* [Aim of the exercise] A stretch of the entries below is to be set down exactly, running from the line with "Hinged column foot" through the line with "T206 Piedmont 350", both included, and no other line.

* [Data provided]
* * * * * * * * *
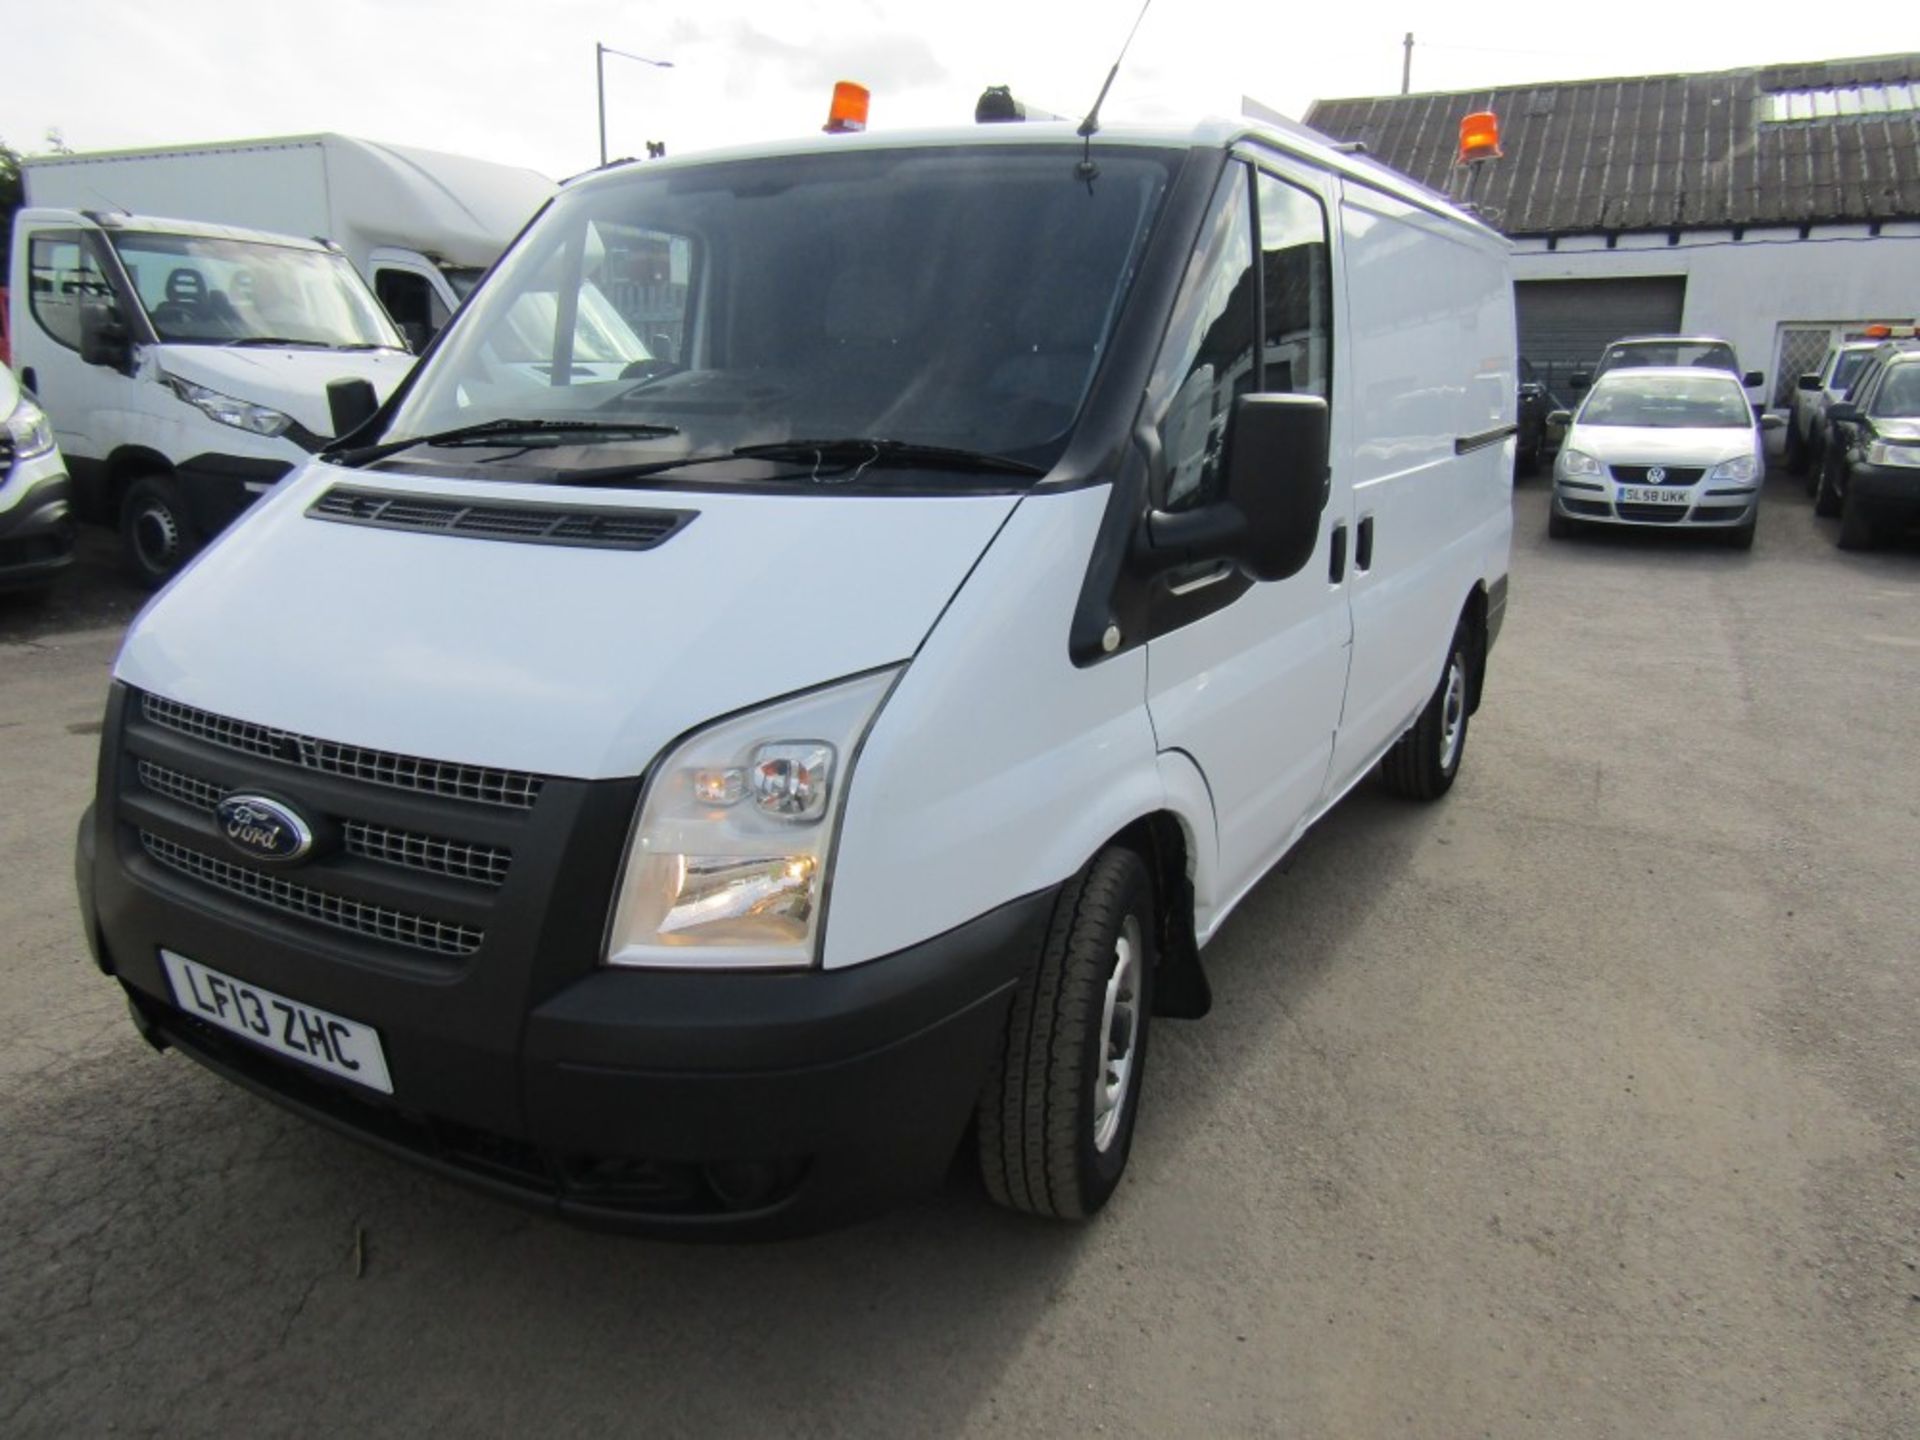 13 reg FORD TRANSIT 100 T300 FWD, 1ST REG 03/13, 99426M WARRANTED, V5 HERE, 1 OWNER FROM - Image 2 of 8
* * * * * * * * *
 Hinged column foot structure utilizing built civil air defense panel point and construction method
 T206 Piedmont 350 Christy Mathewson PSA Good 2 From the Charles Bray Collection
* * * * * * * * *
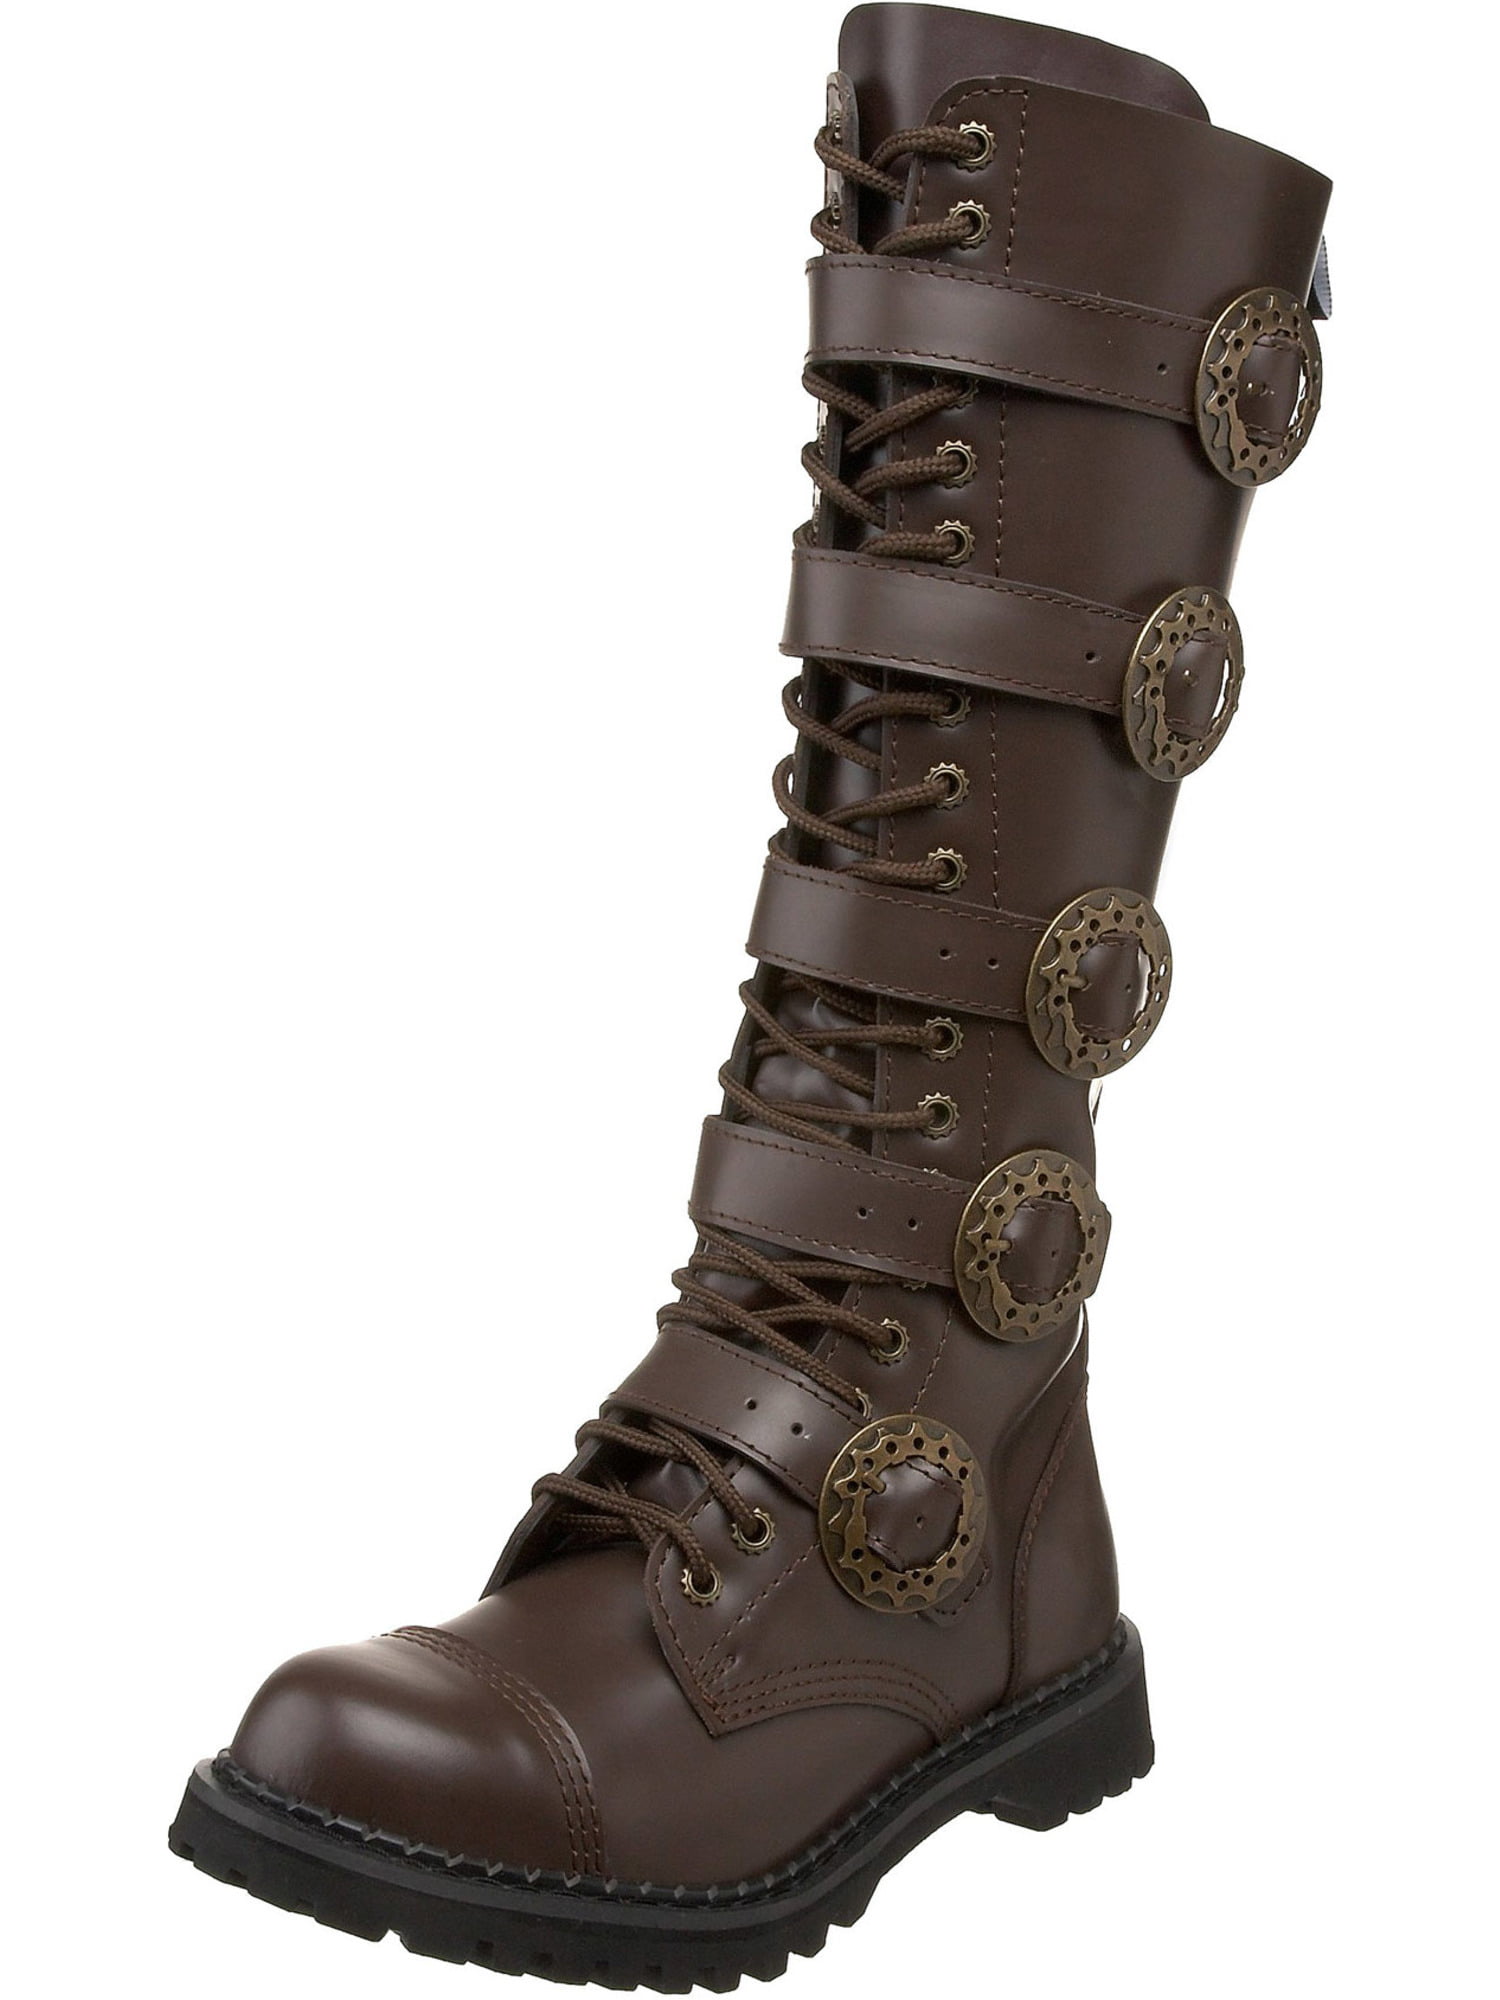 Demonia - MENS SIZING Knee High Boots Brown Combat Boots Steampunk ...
* * * * * * * * *
* [Answer section]
 Hinged column foot structure utilizing built civil air defense panel point and construction method
 T206 Piedmont 350 Christy Mathewson PSA Good 2 From the Charles Bray Collection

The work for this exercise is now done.